Raw data ::
------
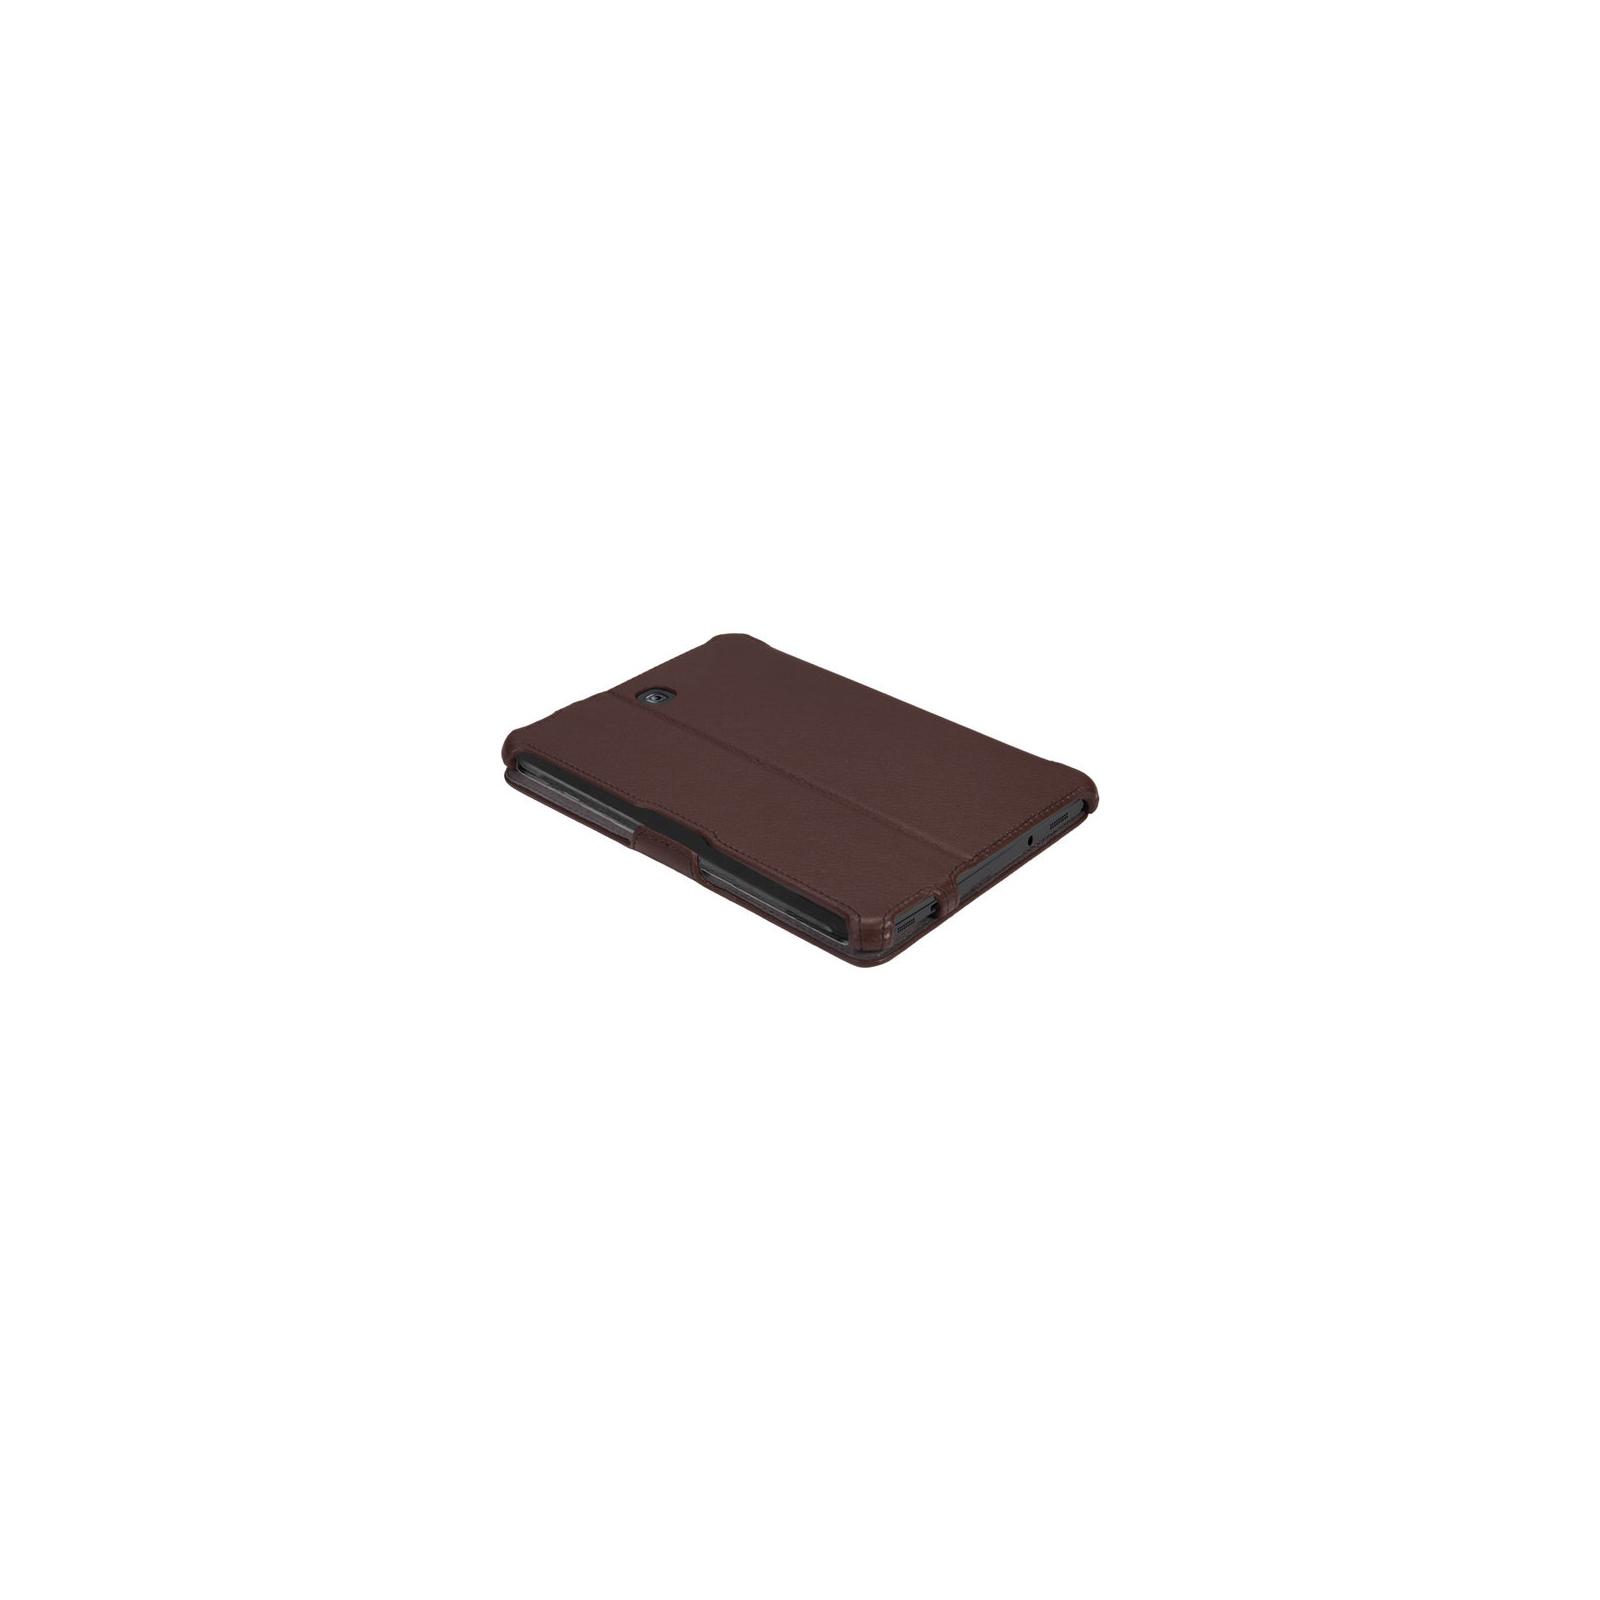 Чехол для планшета AirOn для Samsung Galaxy Tab S 2 8.0 brown (4822352778521) изображение 4
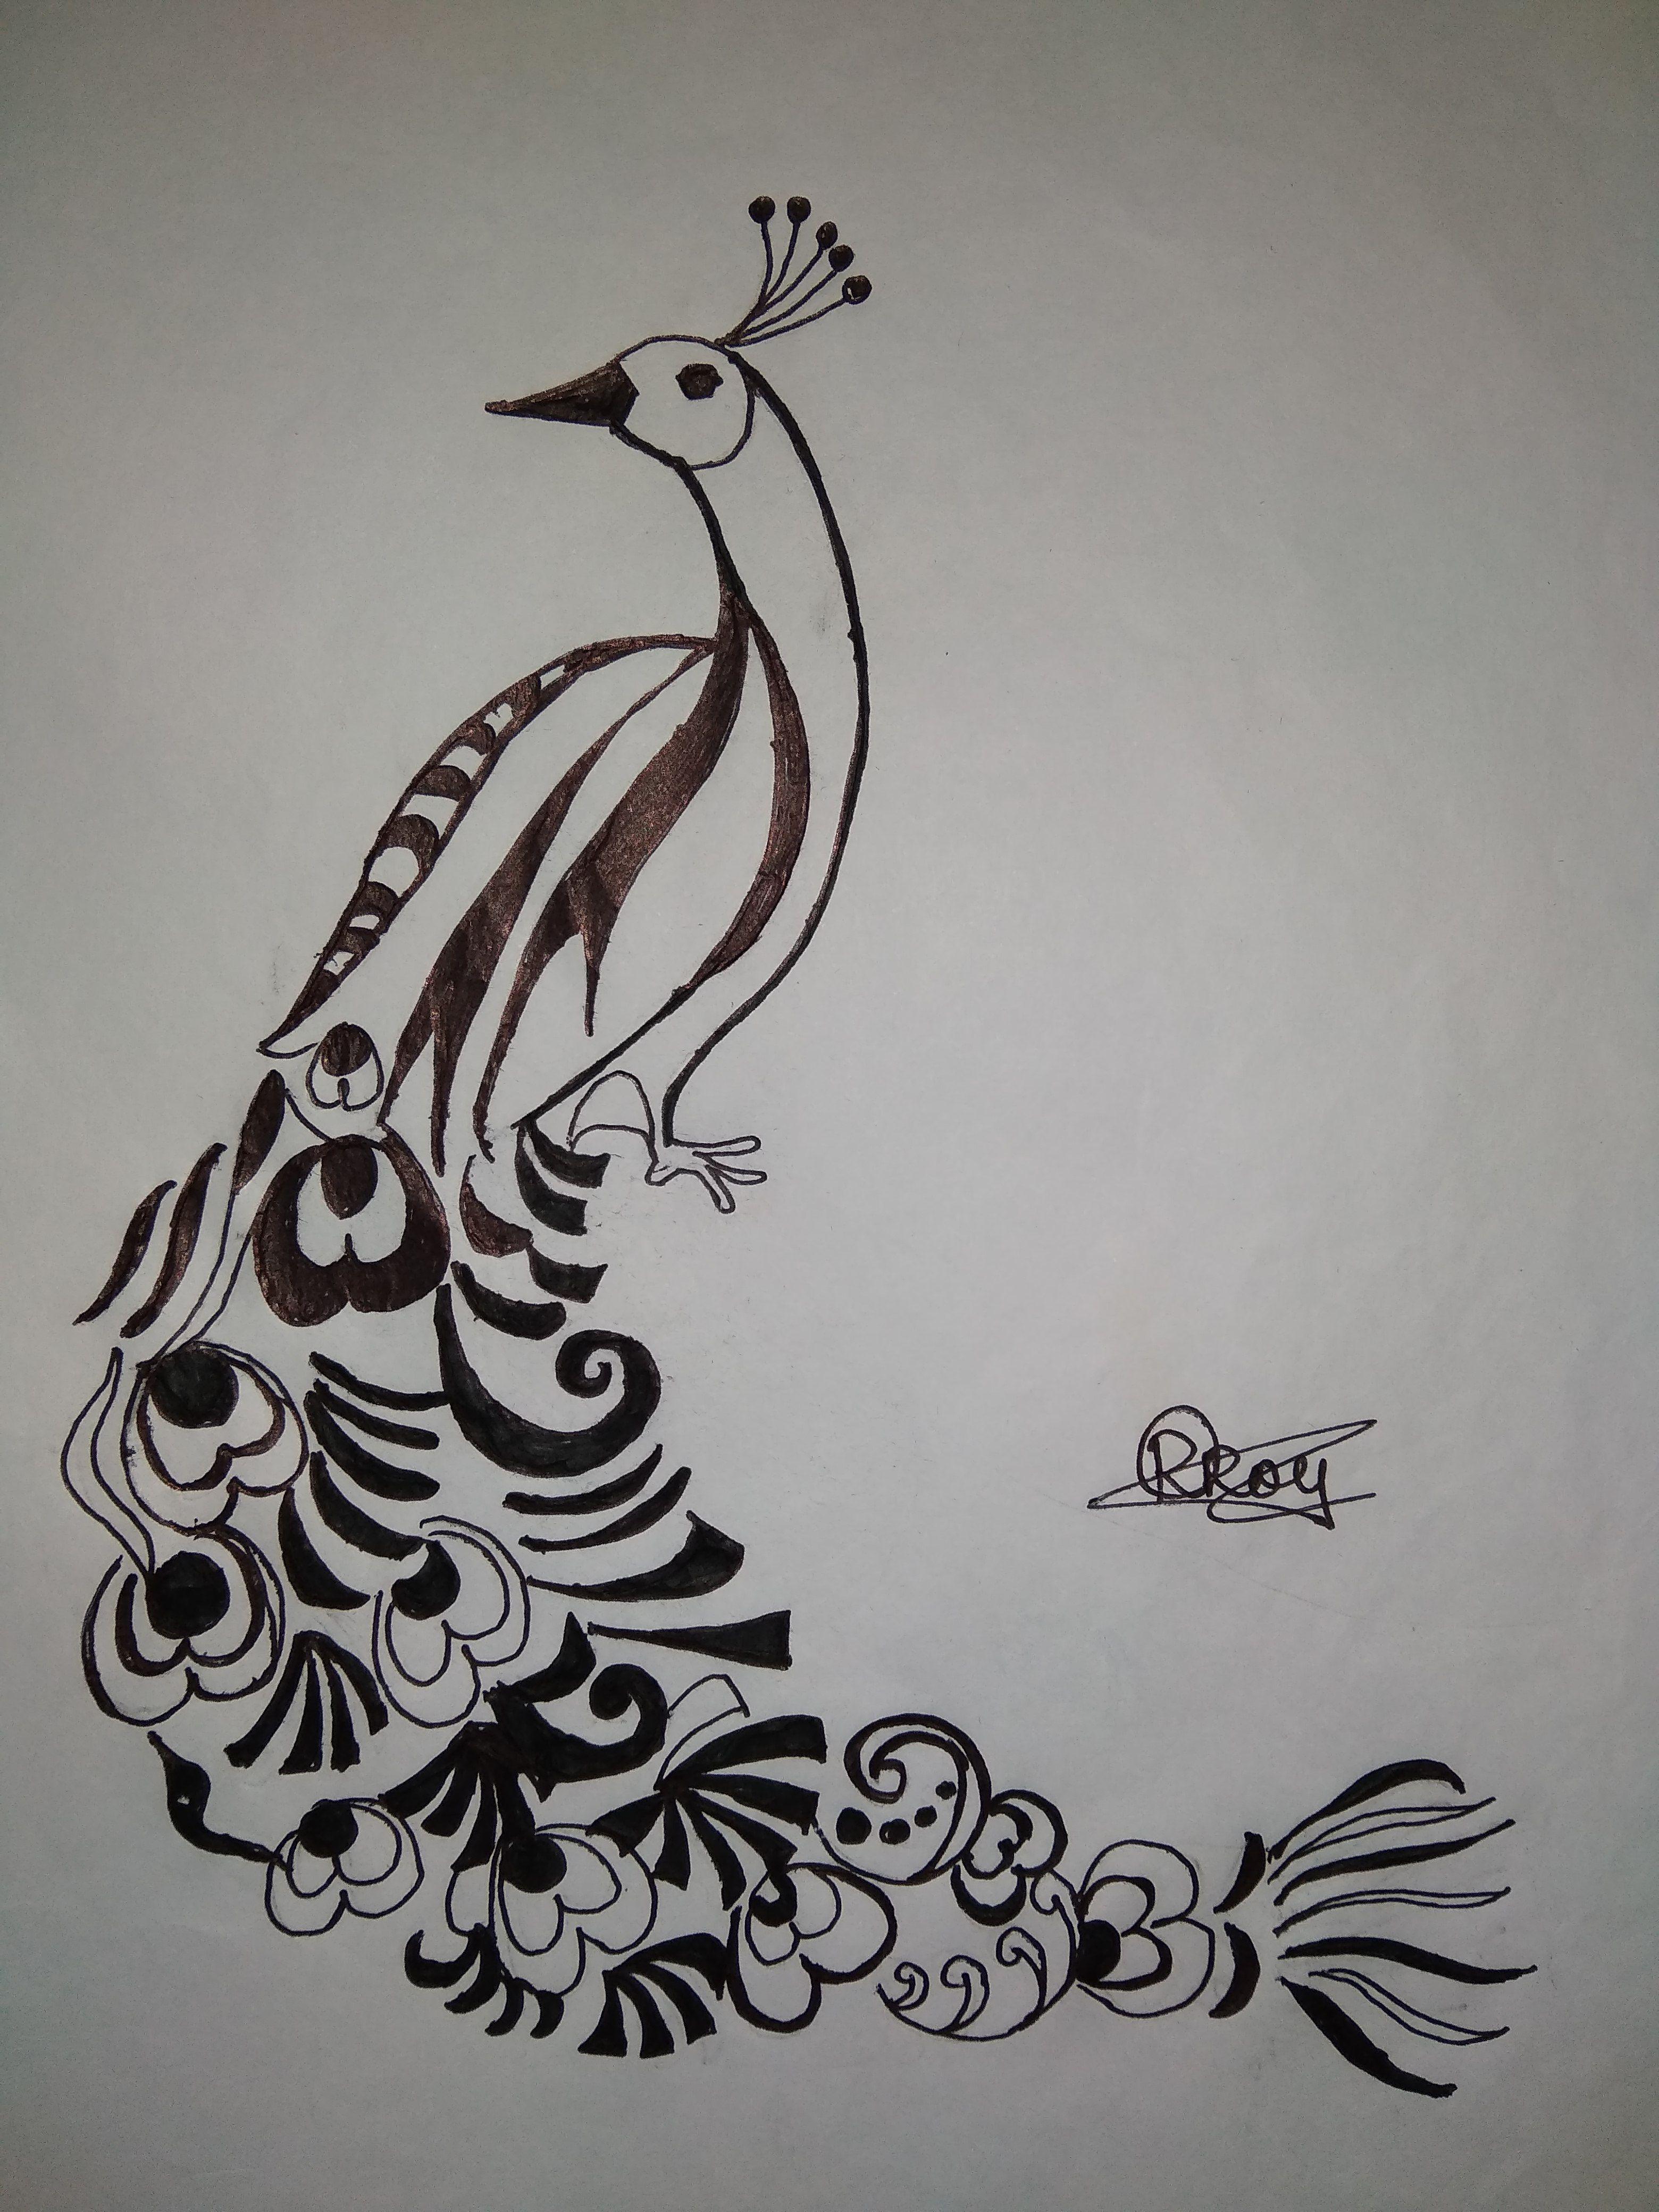 Art Sketch Peacock Pencil Sketch Drawing Art Sketches Pencil Sketch Drawing Peacock Drawing
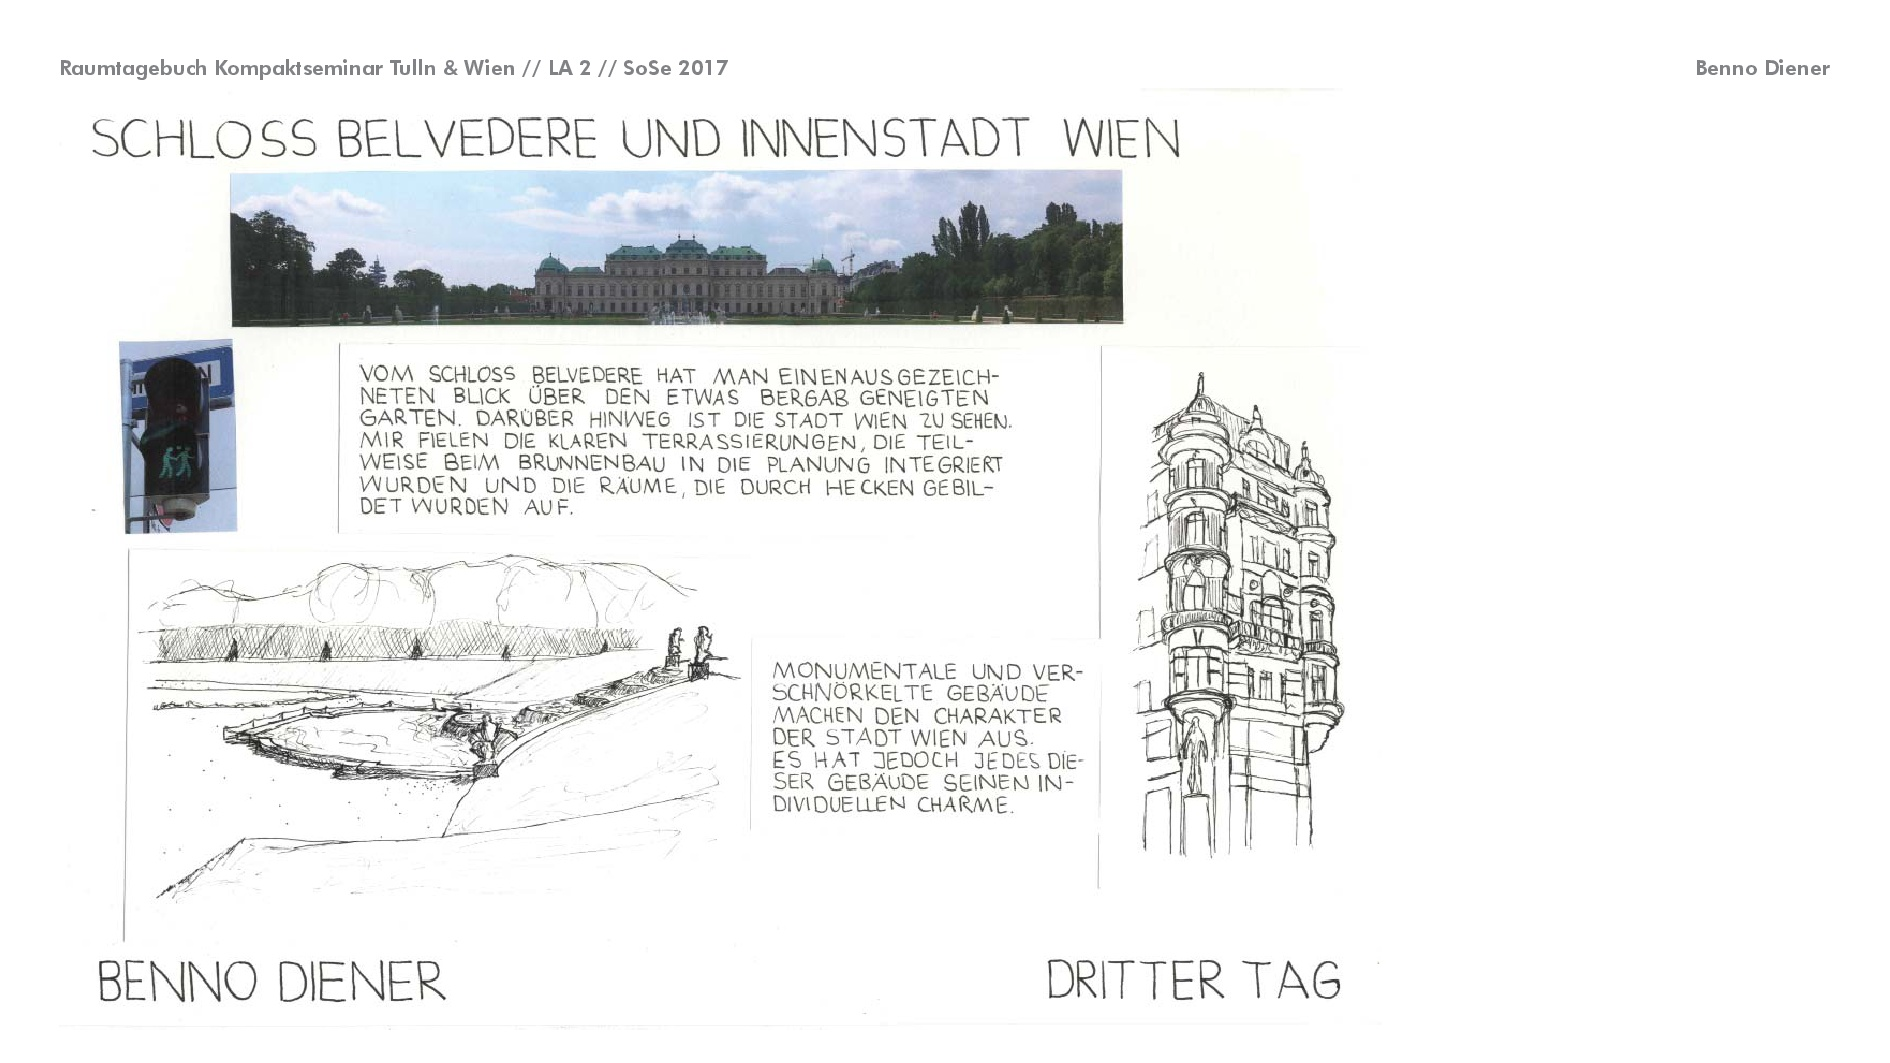 NEU Screen Raumtagebuch Tulln Wien SoSe 17 009
------
About this exercise :: Reproduce word for word the lines from the one containing "Art Sketch Peacock" through the end of the data, both ends kept. Drop the pictures.

Task response ::
 Art Sketch Peacock Pencil Sketch Drawing Art Sketches Pencil Sketch Drawing Peacock Drawing
 NEU Screen Raumtagebuch Tulln Wien SoSe 17 009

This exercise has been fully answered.